Being a CEO for tech business in a private setting in the U.S. and in Europe is probably very similar. We have the same KPIs, the same measurements, the same outlook, the same big dreams, the same futures, same technologies. We tend to adopt things a little bit slightly later — I would say six months, depending on what the technology is, to a year or two years later in Europe — than we do in the U.S. Where there is a difference is running a U.S.-listed company and a European-listed company. The American investors in technology just tend to be slightly more used to and well versed in investing in technology businesses, which often can be very fluid. You have a lot of tech startups coming out of the valley and out of the U.S. that have very significant valuations that are not profitable, for example. That’s kind of par for the course in the U.S., and American investors are used to that. European investors are well known to be a bit more conservative. They want to have profitability and growth measured together. There’s a lot less ability to invest for growth in Europe.

When I first arrived, European tech was really still in its infancy. The successful homegrown companies, there weren’t many. You could count them on one hand. You couldn’t string together the European tech scene in a way to create a cohesive tech ecosystem.

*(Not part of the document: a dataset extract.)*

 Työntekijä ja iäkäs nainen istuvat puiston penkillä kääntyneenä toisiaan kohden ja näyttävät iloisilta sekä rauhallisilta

The early days of the [2008] financial crisis … changed the face of European tech for the better. We had a lot of ambitious young graduates coming out looking at an entrepreneurial approach to business as unemployment was hitting its peak. Venture was just starting to really grow a decade ago in Europe. People started staying in Europe. All the big investors, private equity, and VCs from the U.S. were now making their way to Europe. Startup by startup, it was solidifying into profitable companies and put Europe on the map for tech investment only in the last decade. We started showing and encouraging the investor communities, but also the European startup community, that they can really chart their course, and they don’t have to be a Silicon startup to really be a tech icon. We produced a record $100 billion in capital investment [last year], and we have 98 new unicorns in Europe.

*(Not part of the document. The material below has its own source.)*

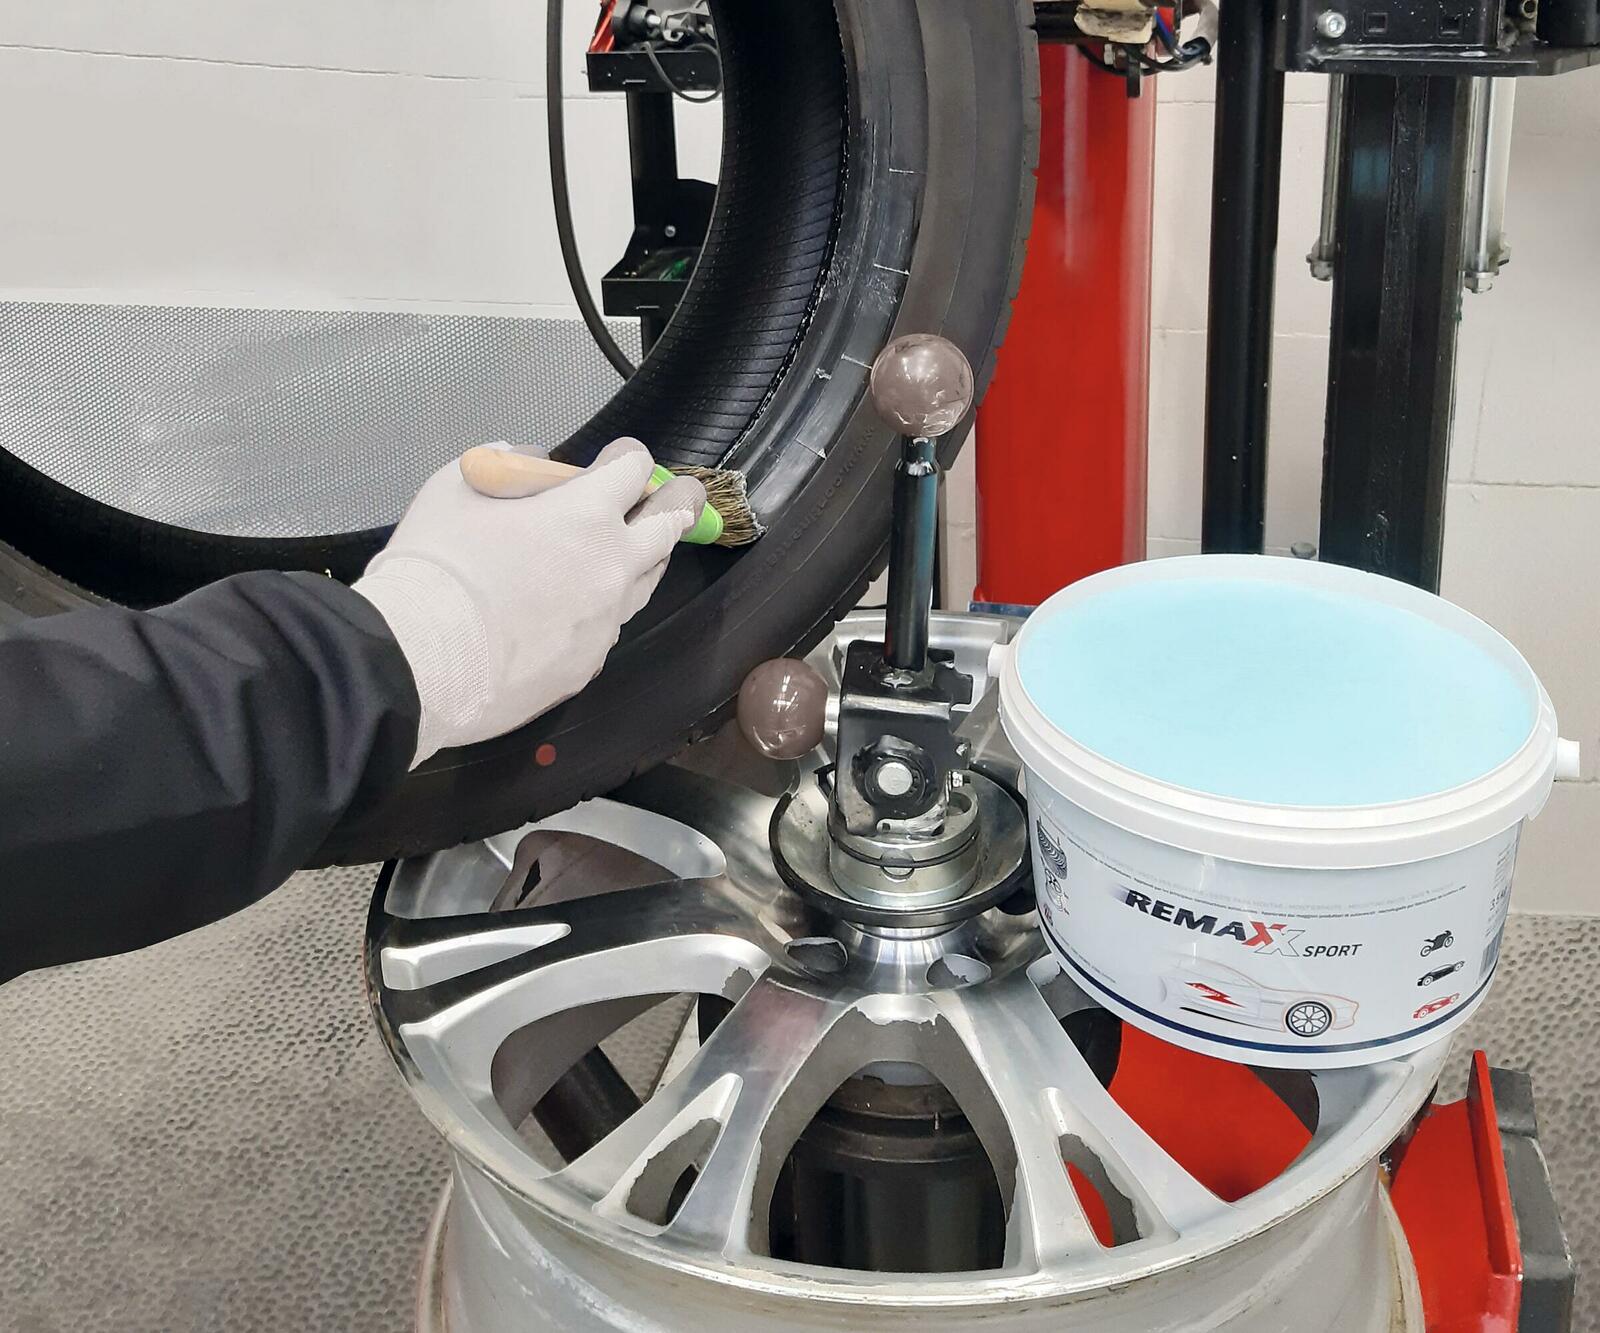 Bewährte Reifen-Montagepaste Remaxx Sport soll nun auch die E-Mobilität bereichern.

Being an American woman in Europe running a German tech company is challenging a lot of days. Businesses must see equality and diversity as a key underpin to the success of business. Europe generally is behind the U.S. in the way of diversity, particularly in the C-level and the boardroom. I am very vocally against quotas, because I don’t want anyone to ever think that I was put into a company because I’m a woman, but rather I’m the right candidate. But it’s like brass tacks here. I don’t want to be the exception. I want to be the norm, and we’re not there yet.

I have been incredibly embraced and well received in Germany. I’ve been a very sought-after leader in Germany, and they rewarded me incredibly with elevating my role and my position and all the things that I’ve done in Germany. I’ve been incredibly well supported, more so than I could have ever asked or dreamt of, really. So the issue is not Germany at all. The issue is tradition, and the fact that we don’t have enough women in the pipeline. But we are going to change that. We are absolutely going to change it.

This story was updated to clarify the stock exchange on which shares of Suse are listed.